What should come back is the data below, word for word, minus any picture.

# Data excerpt
'''
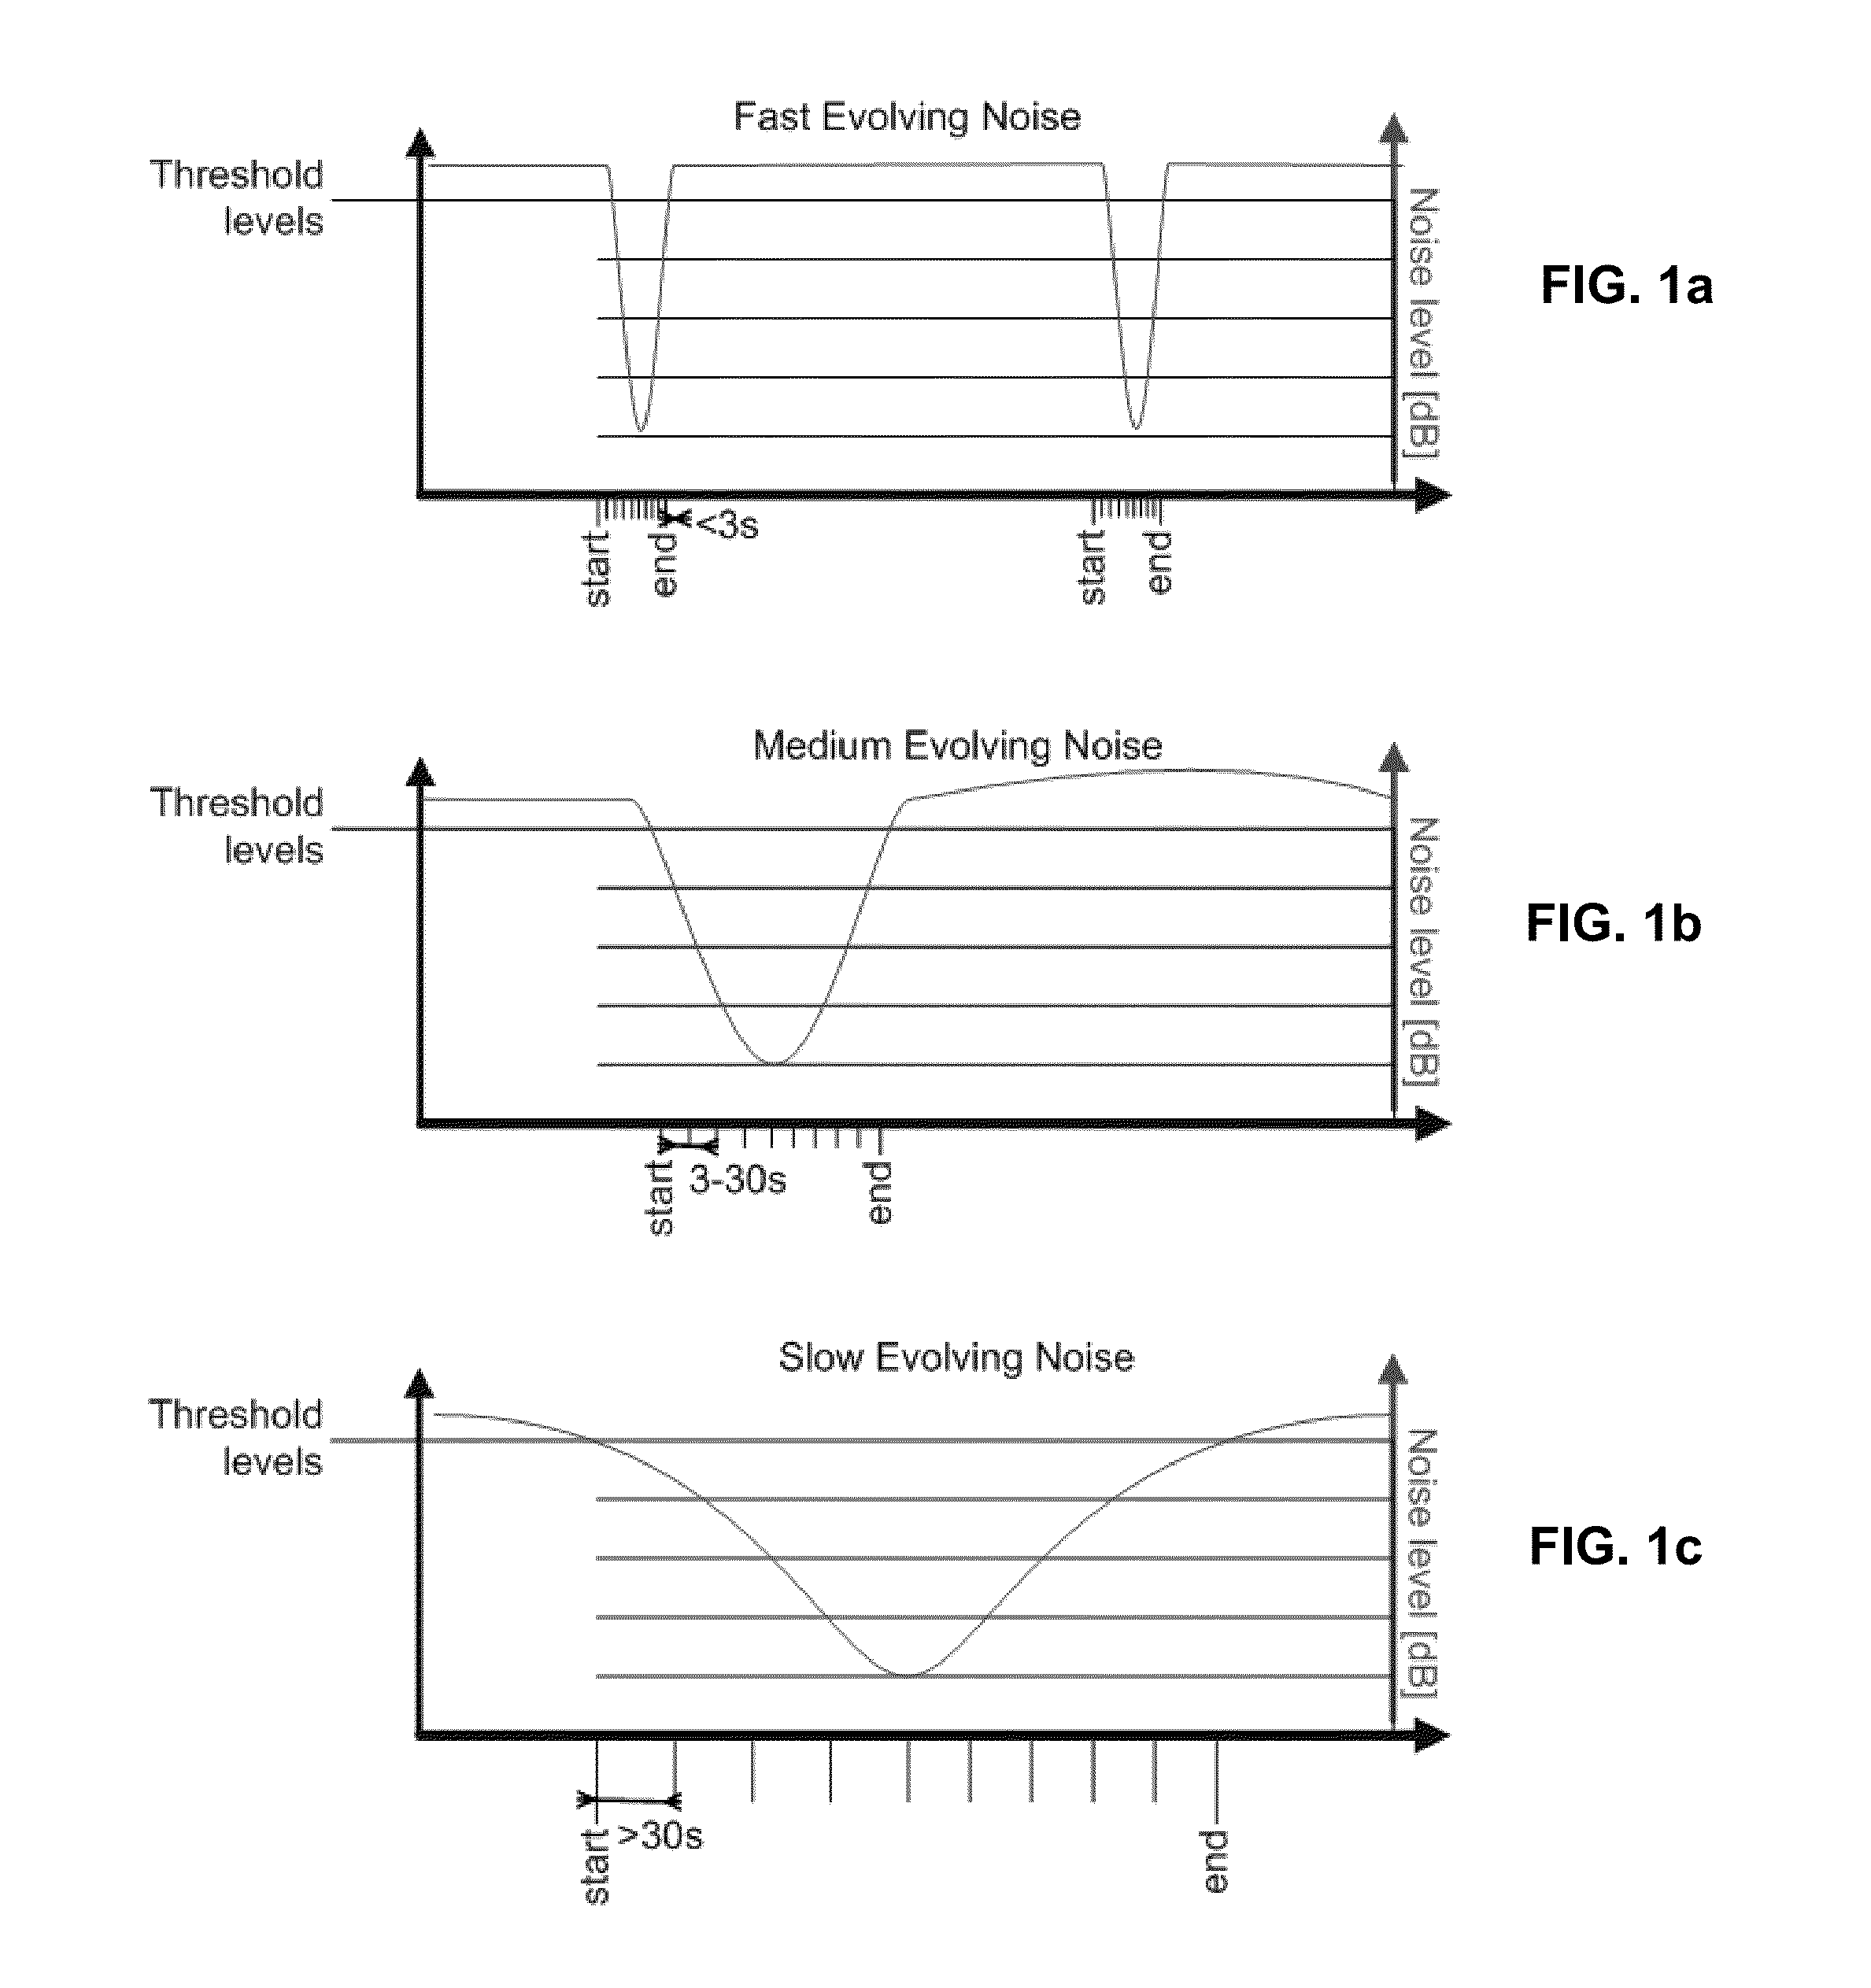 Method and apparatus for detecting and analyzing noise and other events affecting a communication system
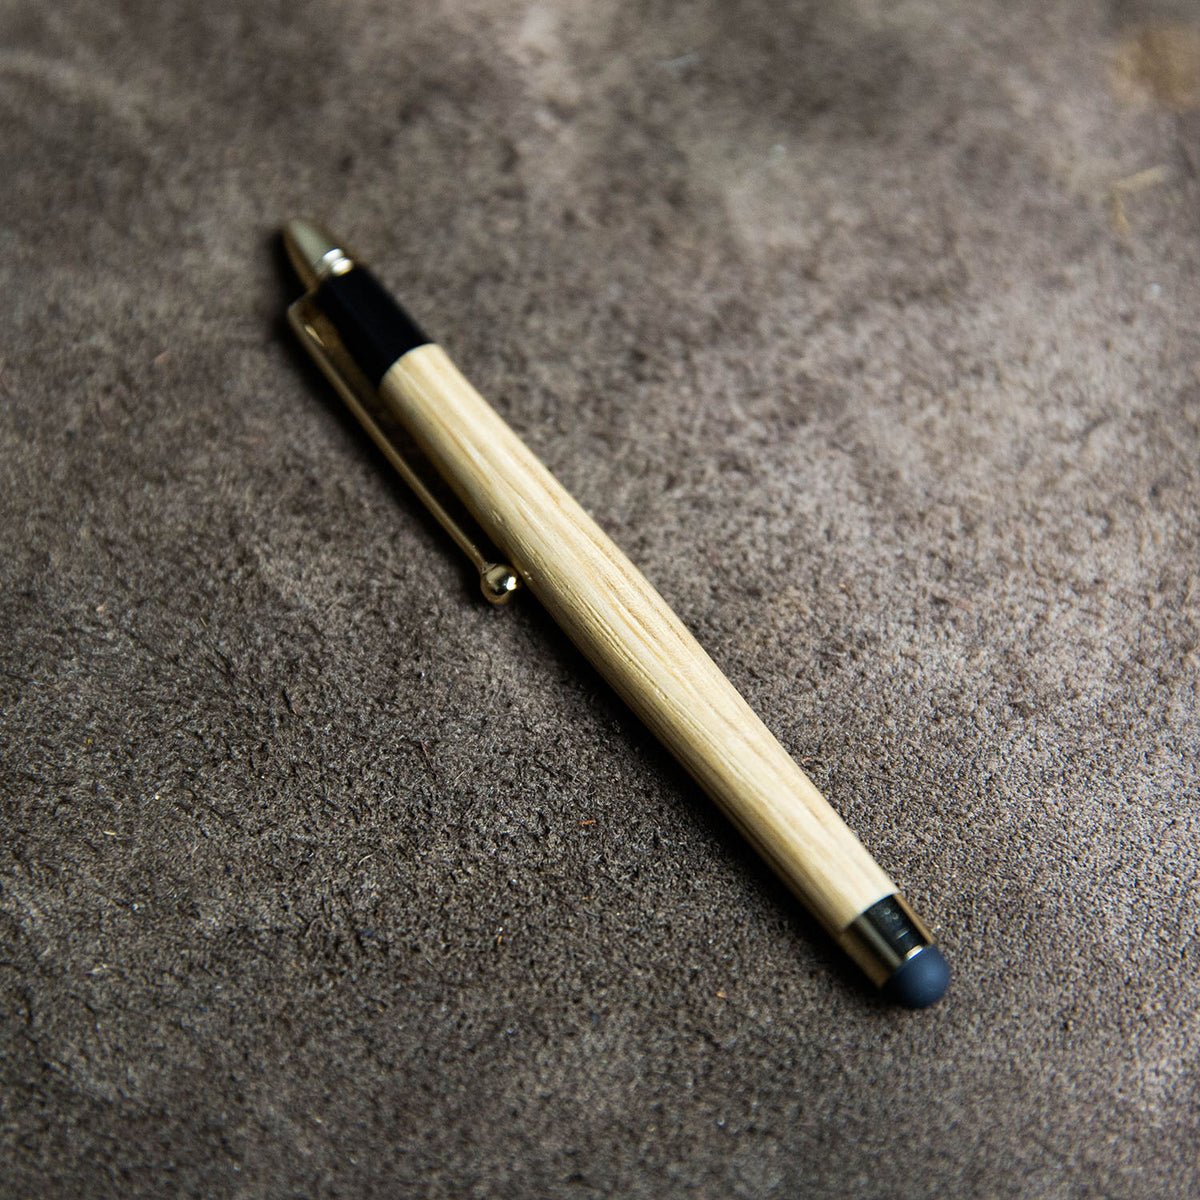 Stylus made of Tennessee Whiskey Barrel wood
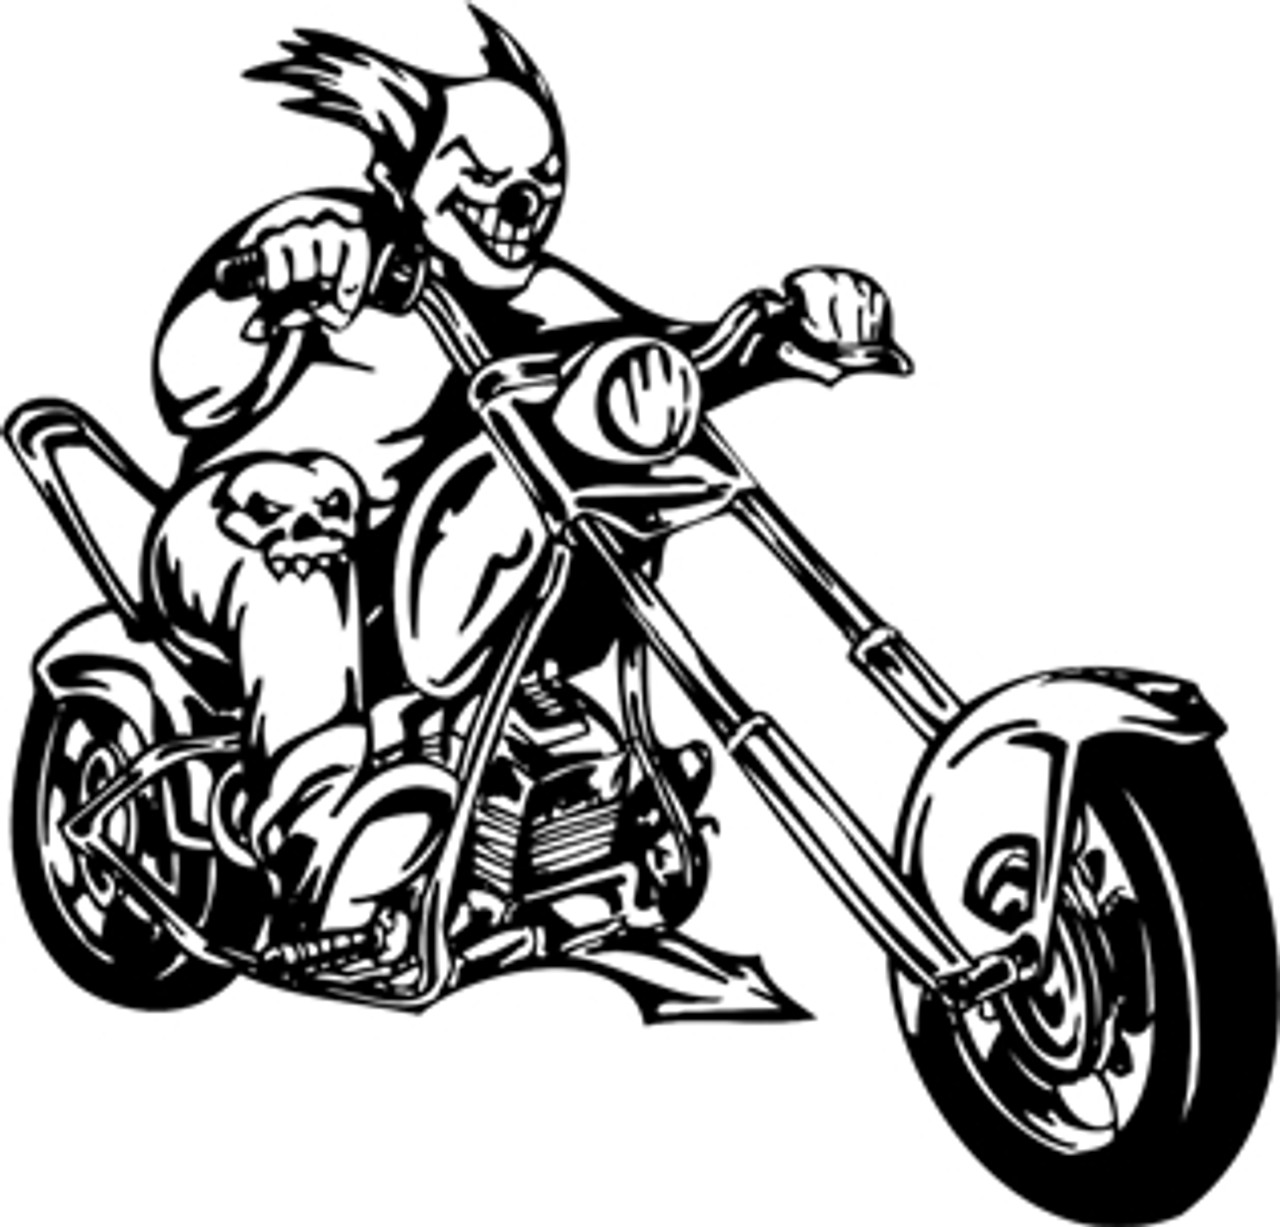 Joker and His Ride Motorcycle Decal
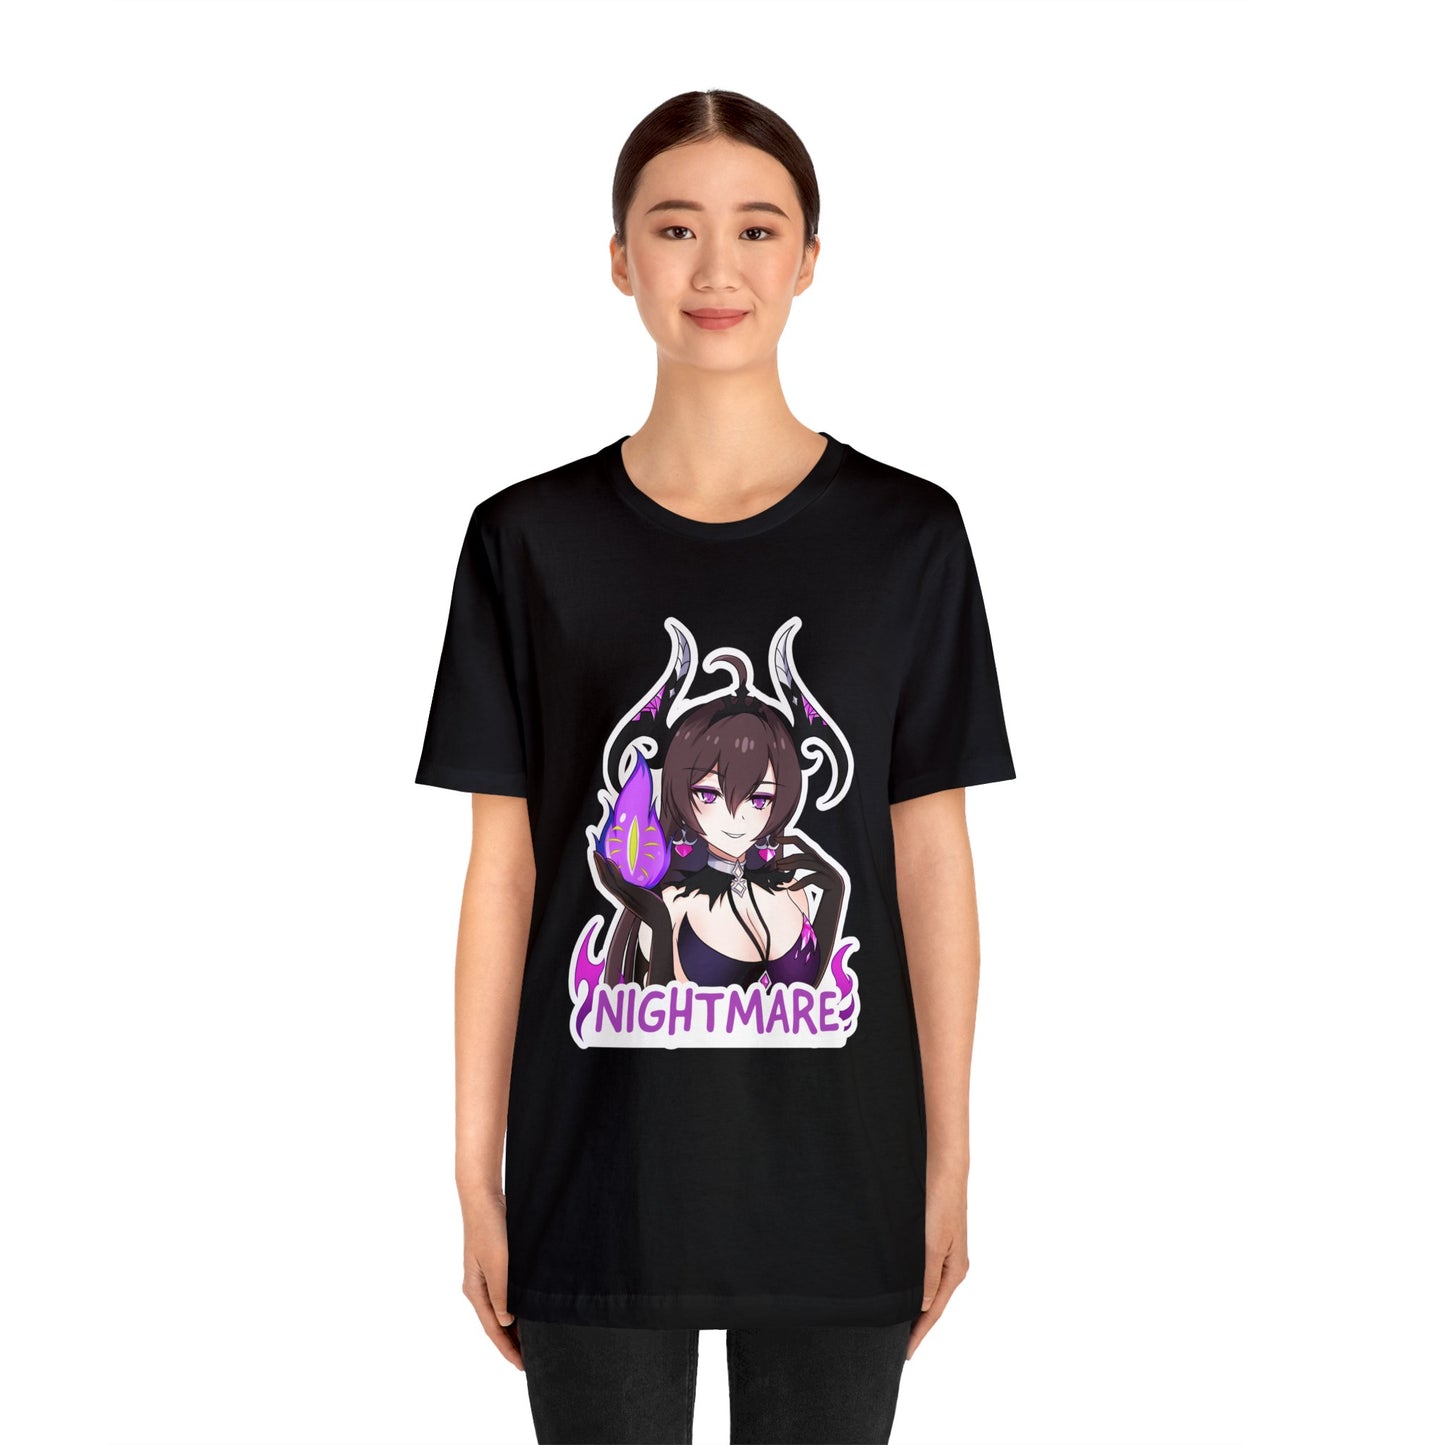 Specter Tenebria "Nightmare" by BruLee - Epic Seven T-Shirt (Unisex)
'''
# Expected answer
 Method and apparatus for detecting and analyzing noise and other events affecting a communication system
 Stylus made of Tennessee Whiskey Barrel wood
 Joker and His Ride Motorcycle Decal
 Specter Tenebria "Nightmare" by BruLee - Epic Seven T-Shirt (Unisex)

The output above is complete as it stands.